Crush on you!



「あーー今日はこれで営業終了ーーーー!!もーー無理!!!」

ばふっ!!

ある日の深夜。
仕事から帰ってきた私は、思いっきりベッドにダイブした。

化粧は落としたし。
コンタクトも外したし。
……あとはもう、明日で!!

いくらなりたくてなった職業でも、辛いこと、キツいことはたくさんある。
それが最近、ちょっとばかり割合が高かったのだ。
お疲れ様、私。

「うぅ、いつでもおふとんは優しい…」

もぞもぞと布団にもぐりこんで、私は丸くなった。

――本当は、もっと別に、欲しいぬくもりがあるけど。
そう思って、ぼんやりと恋人である道流くんの姿を思い浮かべる。
でも、アイドルである彼の方が忙しいし、もうこんな時間だし。
会ったときは、十分すぎるくらい、甘やかしてくれる人だし。
…今度会えた時は、いっぱい甘やかしてもらおう。うん。

今日は週末、明日は休み!
なので、起きたら頑張るので…今日はもう、寝させてください…

「はぁ…あいたいなぁー…」

眠さで呂律の回らない口が紡いだ言葉も、私の意識も、そのまま闇に溶けていった…


***


何時間寝たのかはわからないけれど、緩やかに目が覚めた。
外はすっかり明るくて、キッチンに誰かの気配。
そして、いい匂いと鼻歌が漏れてくる。

これ、は…!

思わずがばりと身を起こすけれど、今の私は、昨日帰ってきたままの格好で、髪もぐちゃぐちゃなままなことを思い出した。
ひどい姿だ…
…うわーーーん!どうしよう、愛想つかされちゃったら…!

でももう、どうしようもないので…
覚悟を決めて、シーツを被っておそるおそるキッチンに向かうと、予想通り、想い人の姿がそこにあった。

「おは、よう…」
「おお、おはよう、なまえ!キッチン借りてるぞ」
「う、うん。それは大丈夫、だけど…」
「今日は仕事が夜だけになったから、寄らせてもらったんだ」

ううっ、にかっと笑う道流くんの笑顔が眩しい!

「来てくれて、ありがと…でも、起こしてくれてよかったのに」
「はは、よく寝てたからなあ…疲れてるなまえを起こすのは、しのびなくて。あ、お風呂も沸かしておいたから入ってきたらどうだ?」

まさに、至れり尽くせり。
その心遣いは、さすがとしか言いようがない。
『嫁にしたい男性アイドルランキング』とかしたら絶対1番だよ。私が保証する。

「…お言葉に甘えます…」
「ごゆっくり」

笑う道流くんに送り出されて、私はお風呂に入ることにした。
あんな姿を見られてしまったけど、今からでも綺麗にしなくちゃ…!

…そう思って脱衣所に行ったら、洗濯まで回ってた。
洗濯の山が、なくなってる…もう、頭が上がらないです…




そして出来る限り身綺麗にして、再びキッチンに行くと、食卓には朝ご飯が並べられていた。

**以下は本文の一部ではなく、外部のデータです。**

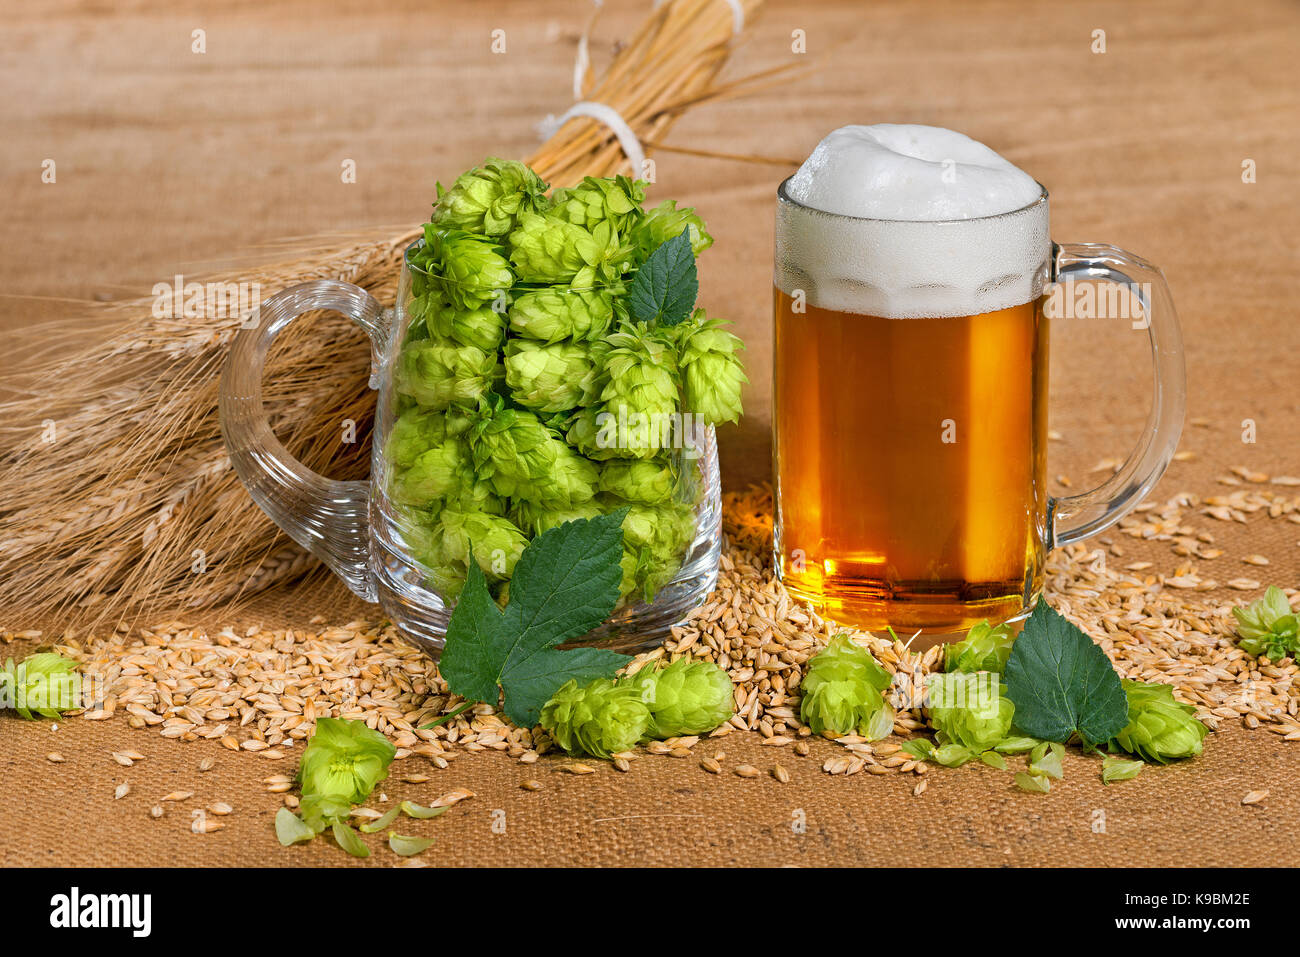 Glass of beer with raw material for beer production Stock Photo

…私にとっては、朝ご飯だけど、道流くんはもうとっくに食べてるのでは…
そう思って道流くんを見ると「一緒に食べたかったから」と、少し照れて返された。
もう、そういうところー…ずるい!!

「「いただきます」」

小さなテーブルを囲んで、2人揃って道流くんのご飯を食べる。
ご飯にお味噌汁、焼き魚と、いくつかの小鉢。
…こんなしっかりした朝ご飯、いつ振りだろう。
もう、朝食と言うよりはブランチだけど。

「どれもおいしいよぅ…疲れた体にしみこむ感じ…」
「はは、よかった。その小鉢のおかずは、多めに作って冷蔵庫に入れておいたぞ。今週中に食べきってくれ」

…出来る男すぎる…!
あああ、なんて私にはもったいない人なんだろう…

「うう、自分が恥ずかしい…」
「ん?どうしてだ?」
「だって…道流くんはアイドルと、らーめん屋さんと、二足のわらじで頑張ってて、その上私にこんなに色々してくれて…ほんと、尊敬する。なのに、私は自分のことでいっぱいいっぱいで、昨日もあんな姿でぶっ倒れてて…」

情けなすぎて、自分で言ってて、鼻の奥がツンとしてきた。
やだな、道流くんのご飯は美味しく食べたいのに。

「こら、そんな風に自分を責めるもんじゃないぞ」
「でも」
「なまえはよく頑張ってるじゃないか。なまえの方が頑張ってない、なんてことないぞ。自分は、なまえより少しだけ体力があって、少しだけ手が大きいから、やれることが多いように見えるだけだ」

そう笑って言うと、道流くんは身を乗り出して、わしわしと私の頭を撫でてくれた。

「わ、わっ」
「それに、自分だってなまえのこと尊敬してるぞ」
「え?ど、どこに一体そんな要素が…」
「いつも仕事を責任感を持って、頑張ってるところ。困ってる人を迷わず助けられるところ。他人の成功を、素直に喜べるところ…」

道流くんはそうやって色々なところを挙げながら、指を折ってたり、開いたりしていった。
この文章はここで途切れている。